Leaving out all pictures, return exactly the lines from the one that contains "SoC設計指南：基於Arm Cortex-M" through the end of the data below.

* _Collected material_:
---+---

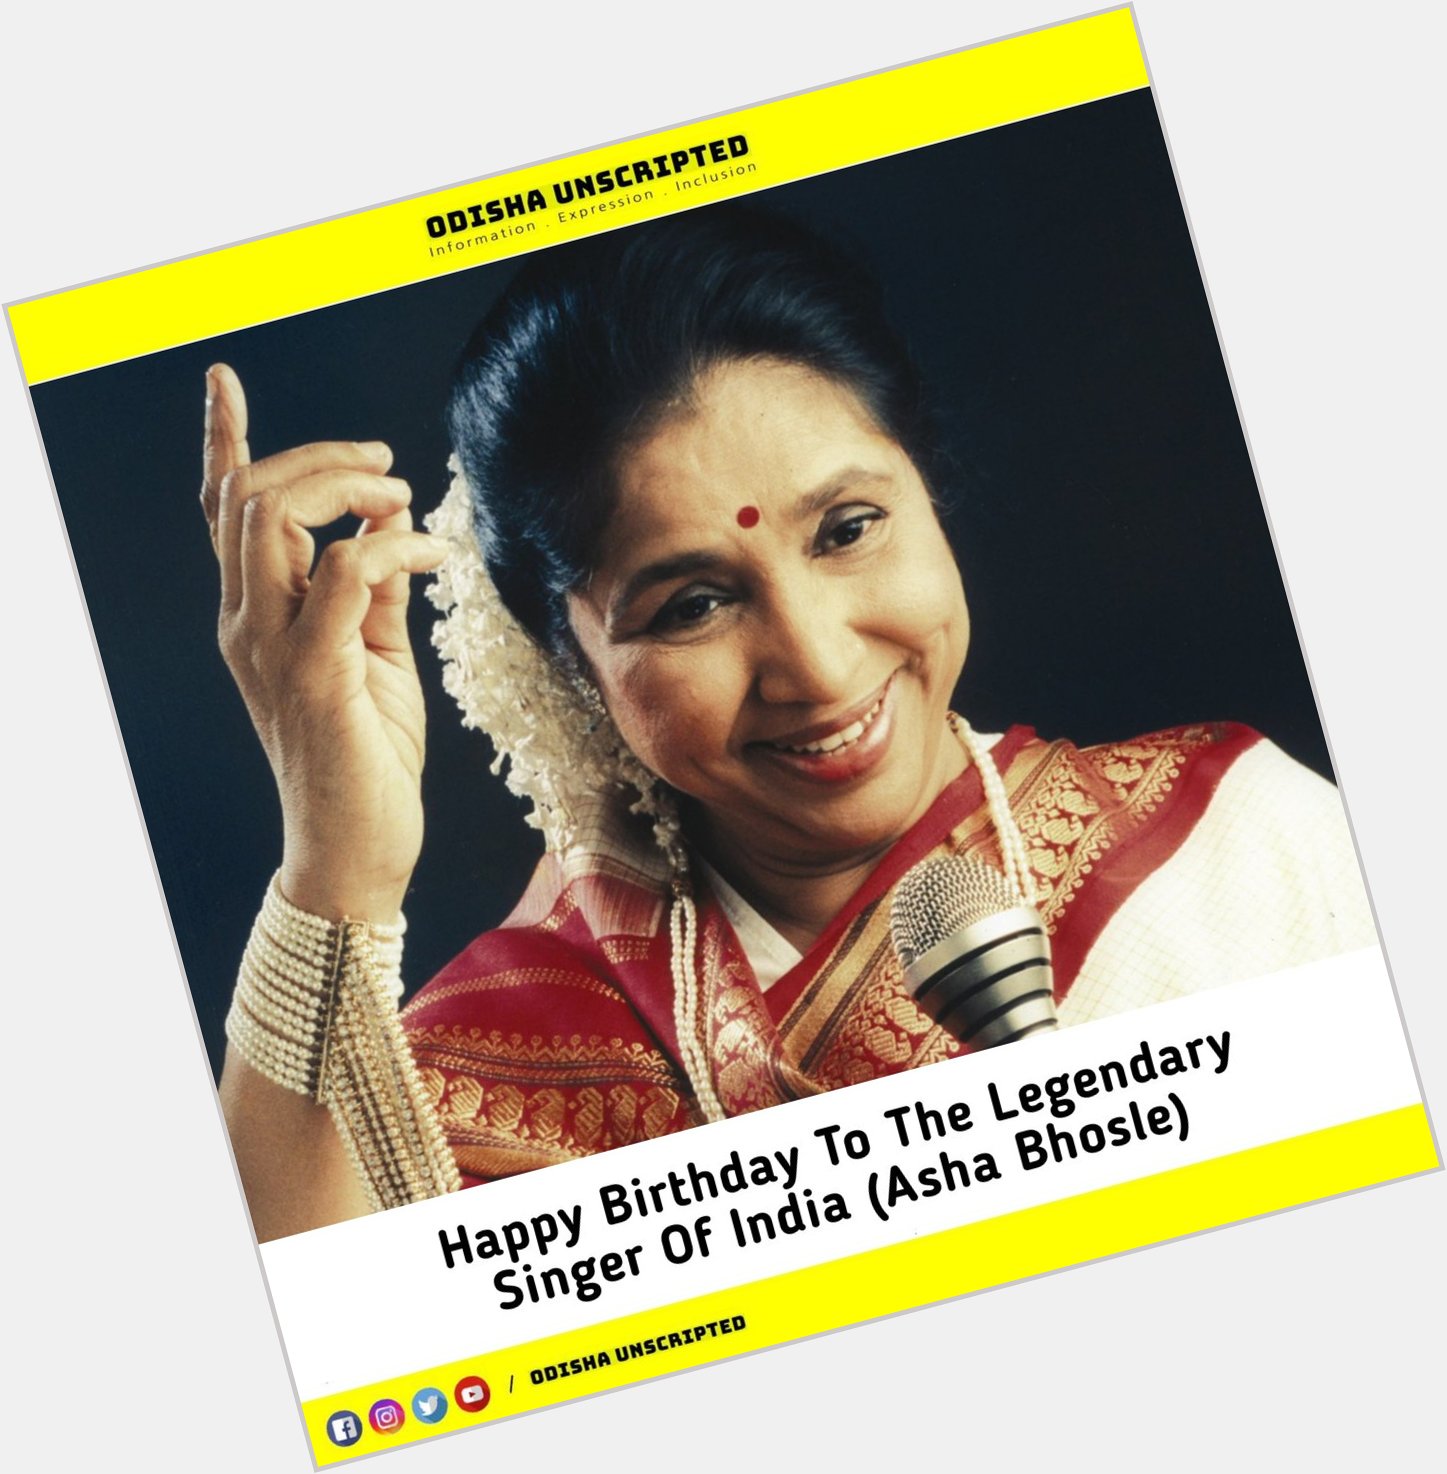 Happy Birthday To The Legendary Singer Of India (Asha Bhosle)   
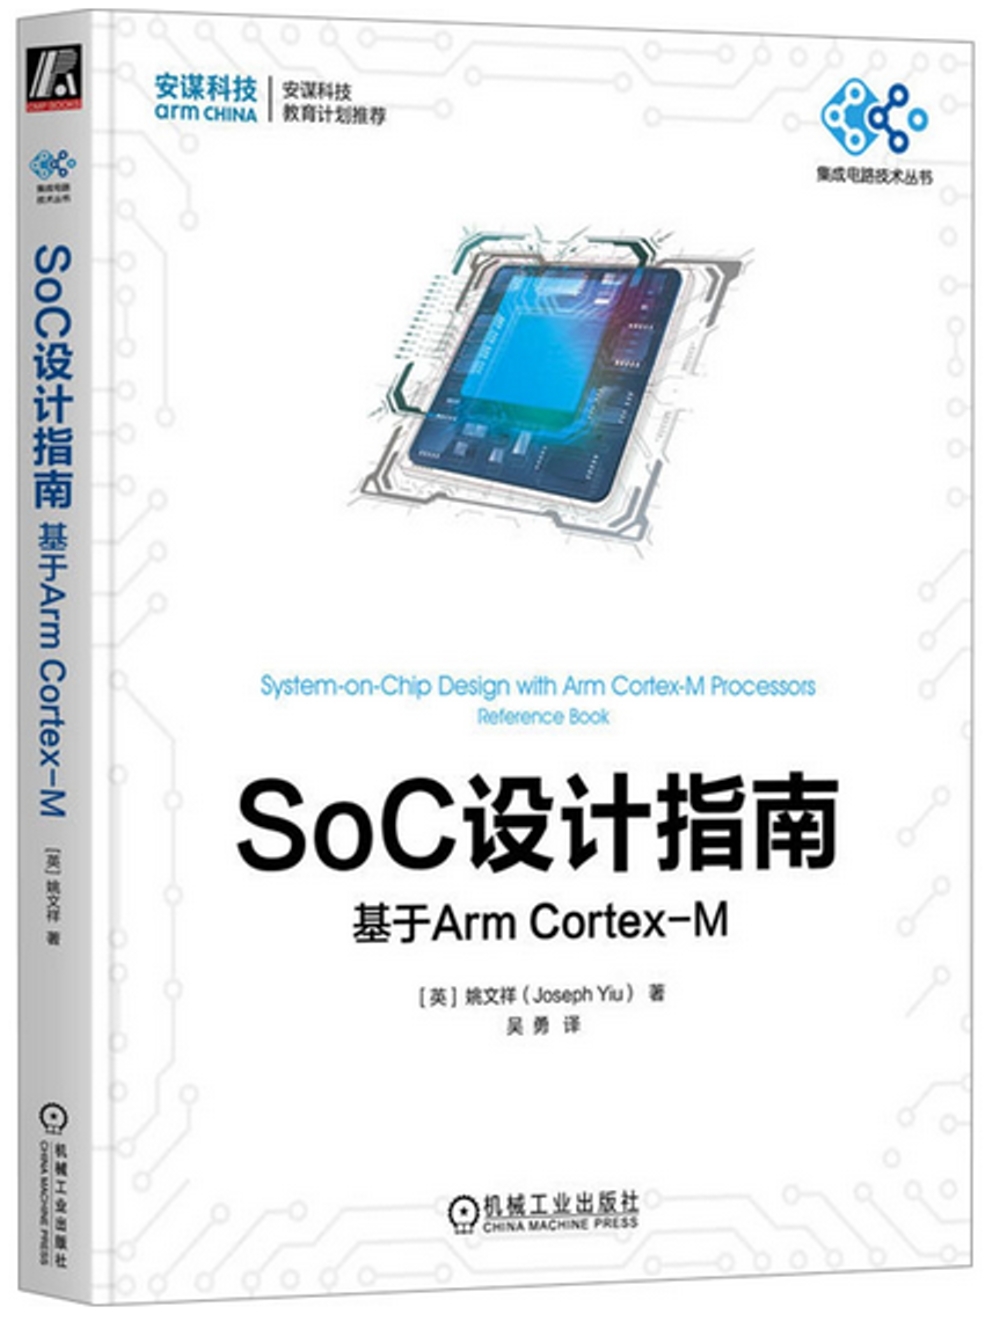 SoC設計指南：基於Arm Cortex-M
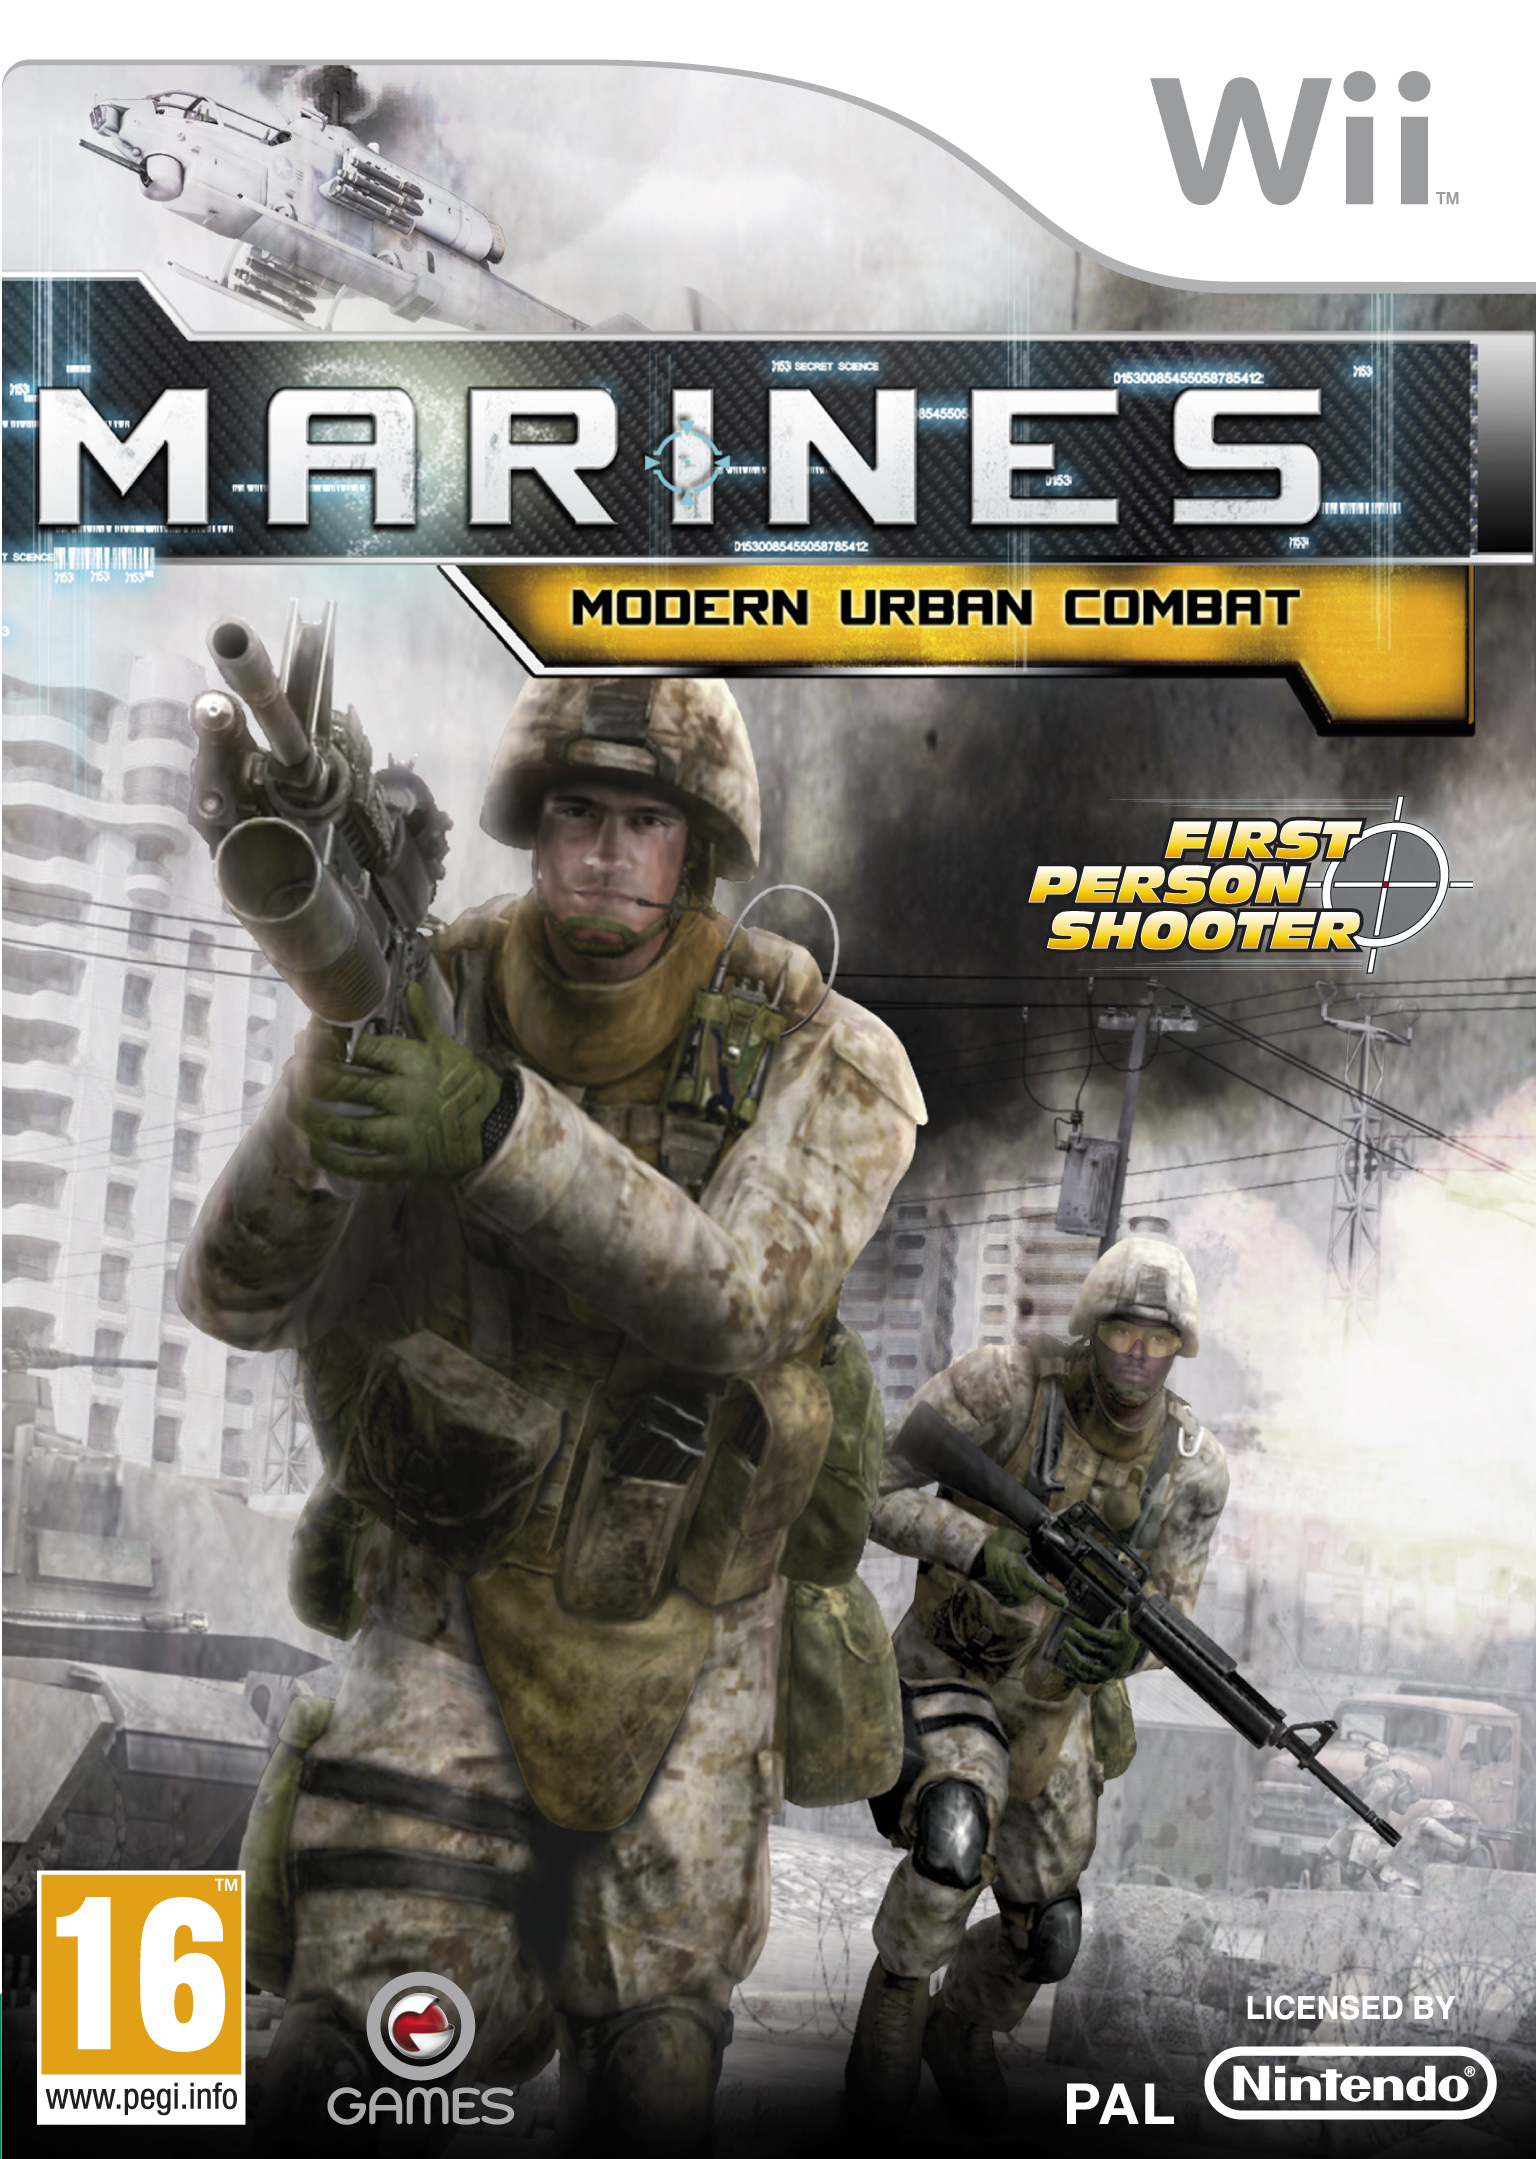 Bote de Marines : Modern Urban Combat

---+---

* _Response area_:
 SoC設計指南：基於Arm Cortex-M
 Bote de Marines : Modern Urban Combat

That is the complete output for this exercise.